The G8 Research Group based in the University of Toronto's Munk School of Global Affairs said the G8 was a little better than halfway compliant with its own promises. The G8 got an overall score of +0.53 on compliance with their own promises on a scale where +1.0 equals perfect compliance, -1.0 represents no action, and 0 represents a partial effort. Canada's score on overall compliance in the G8 Research Group's "Final Compliance Report" was above average at 0.67, tied for third with the European Union.

Britain remains in top spot in the annual analysis. Japan edges up to second. Fourth place goes to the United States. France and Germany are tied in fifth spot. Russia is number six while Italy occupies the bottom of the table.

Canada has led the way on accountability, which will be a major theme of this year's G8 and G20 summit, said Canada Foodgrains Bank executive director Jim Cornelius. But while G8 officials talk about accountability on last year's $22 billion in pledges for food security and agricultural development, the aid community is still waiting on their report, said Cornelius.

The hard part is separating the new money from recycled old promises.

"Governments like to count things more than once," Cornelius said.

Cornelius is hoping new accountability mechanisms will make it easier to track G8 and G20 performance.
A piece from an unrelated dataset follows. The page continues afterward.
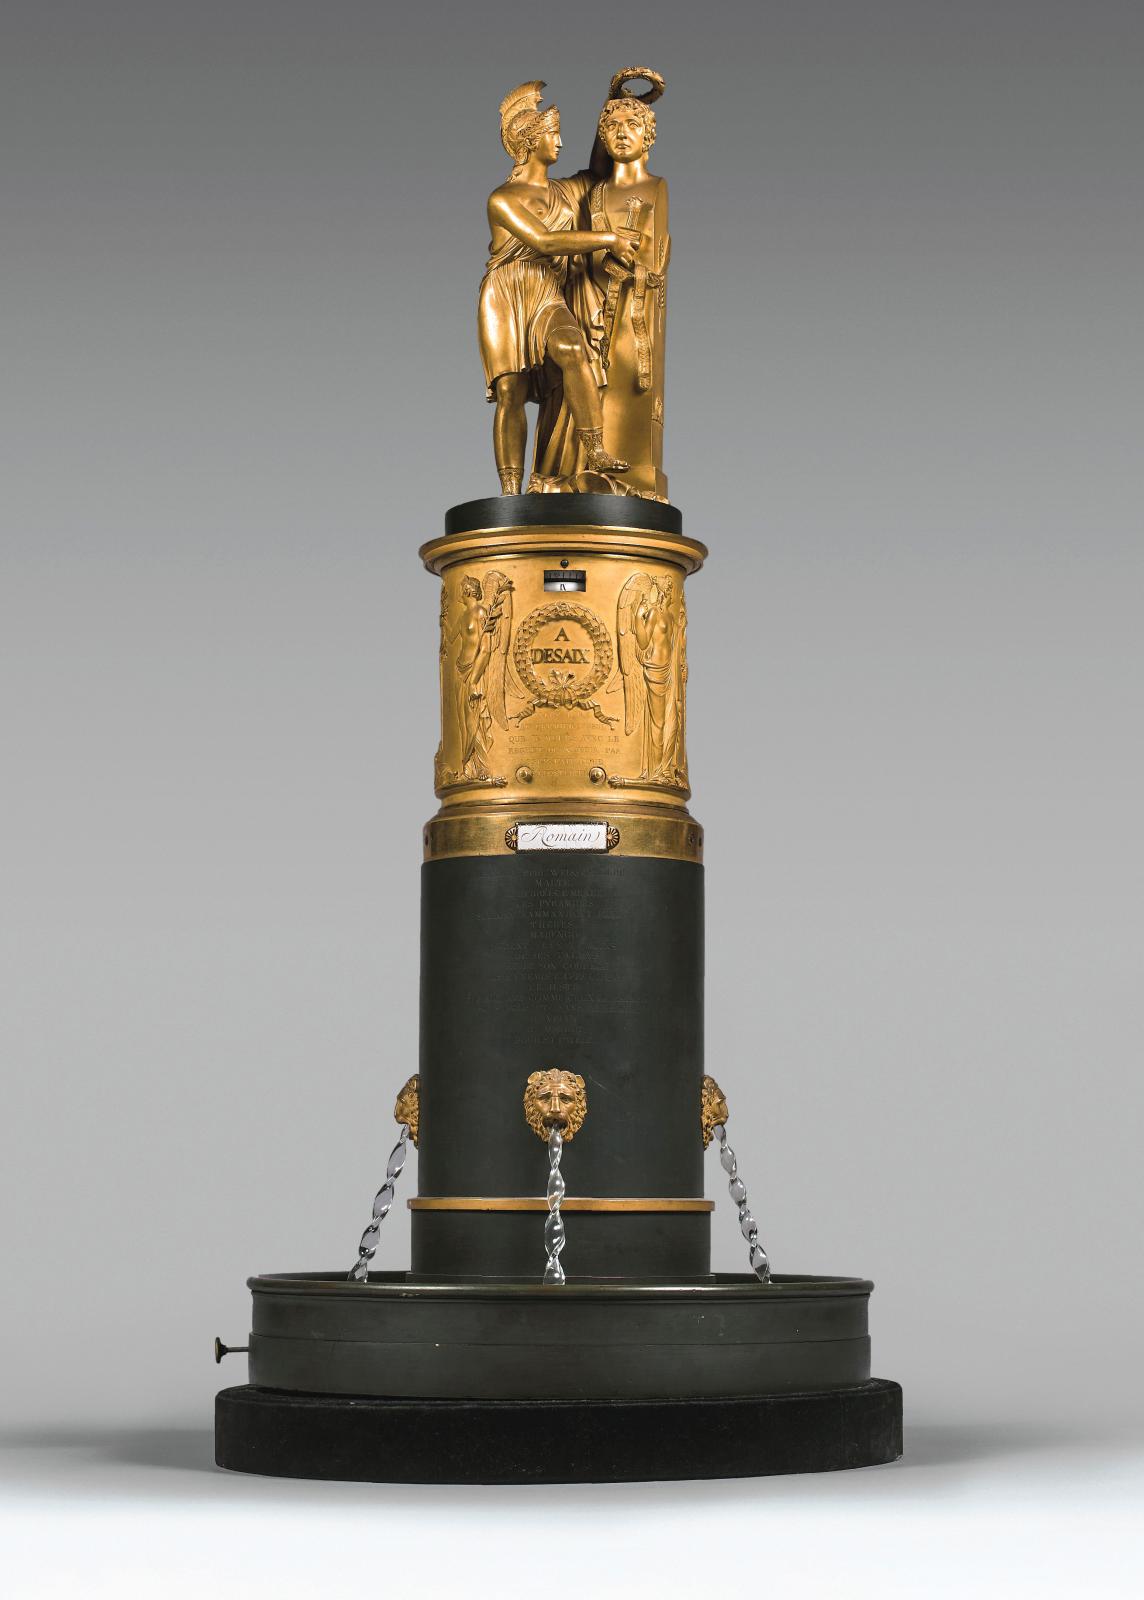 Époque Empire. Pendule simulant une fontaine en bronze doré et bronze patiné surmontée d’une statue allégorique à la mémoire du général De

"What Canada has been doing is working hard on setting up a whole framework for follow up to all commitments, not just the L'Aquila ones," he said. "If that is successful, then the same sort of mechanism can be used to assess the success or the follow-through on maternal and child health."

But ticking off promises kept and holding annual meetings that concentrate on single issues may not be enough when all the issues are linked, according to KAIROS-sponsored activists touring Canada prior to the summit. Straight investments in agriculture like those promised last year in L'Aquila won't work without taking into account the effects of climate change, said Naty Atz Sunc, general co-ordinator of the Association for Community Development and Promotion in Guatemala.
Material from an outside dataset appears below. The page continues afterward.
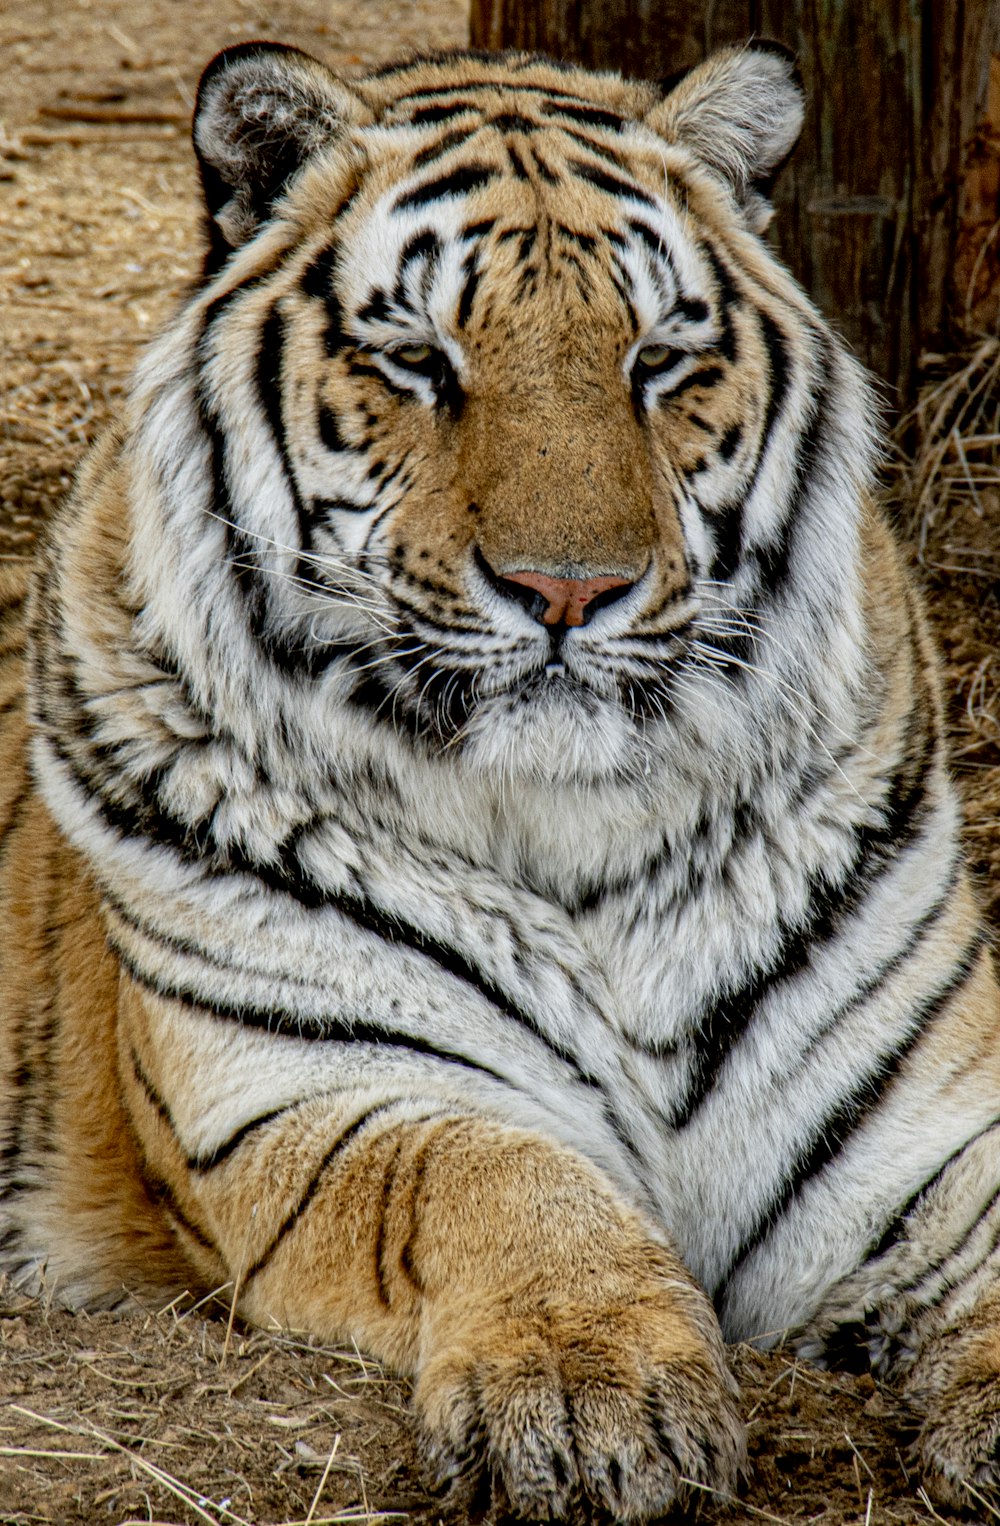 tiger lying on brown sand

Since Hurricane Mitch hit Guatemala in 1998 poor farmers have found it difficult to re-establish their livelihoods because weather patterns have been unpredictable. Spending on agriculture has to be linked to climate change adaptation, she said.

In the last year farmers in Kenya tried to get a crop into the ground three times, only to be frustrated by uncharacteristic drought, weather patterns that village elders have never seen in their lives, said Isaiah Kipyegon Toroitich, a program officer for Norwegian Church Aid in Kenya.

"You can easily see communities becoming poorer and poorer," he said.

None of the aid spending will work without "rehumanizing society," said Francois Pihaatae of the Pacific Conference of Churches in Tahiti.

Ordinary Christians ought to be able to look past the hype and the traffic jams of the summit and see the serious issues below the surface, said Cornelius.

"They should care. The challenge is to be able to look below the surface, because a lot of what happens on the surface is hype," he said.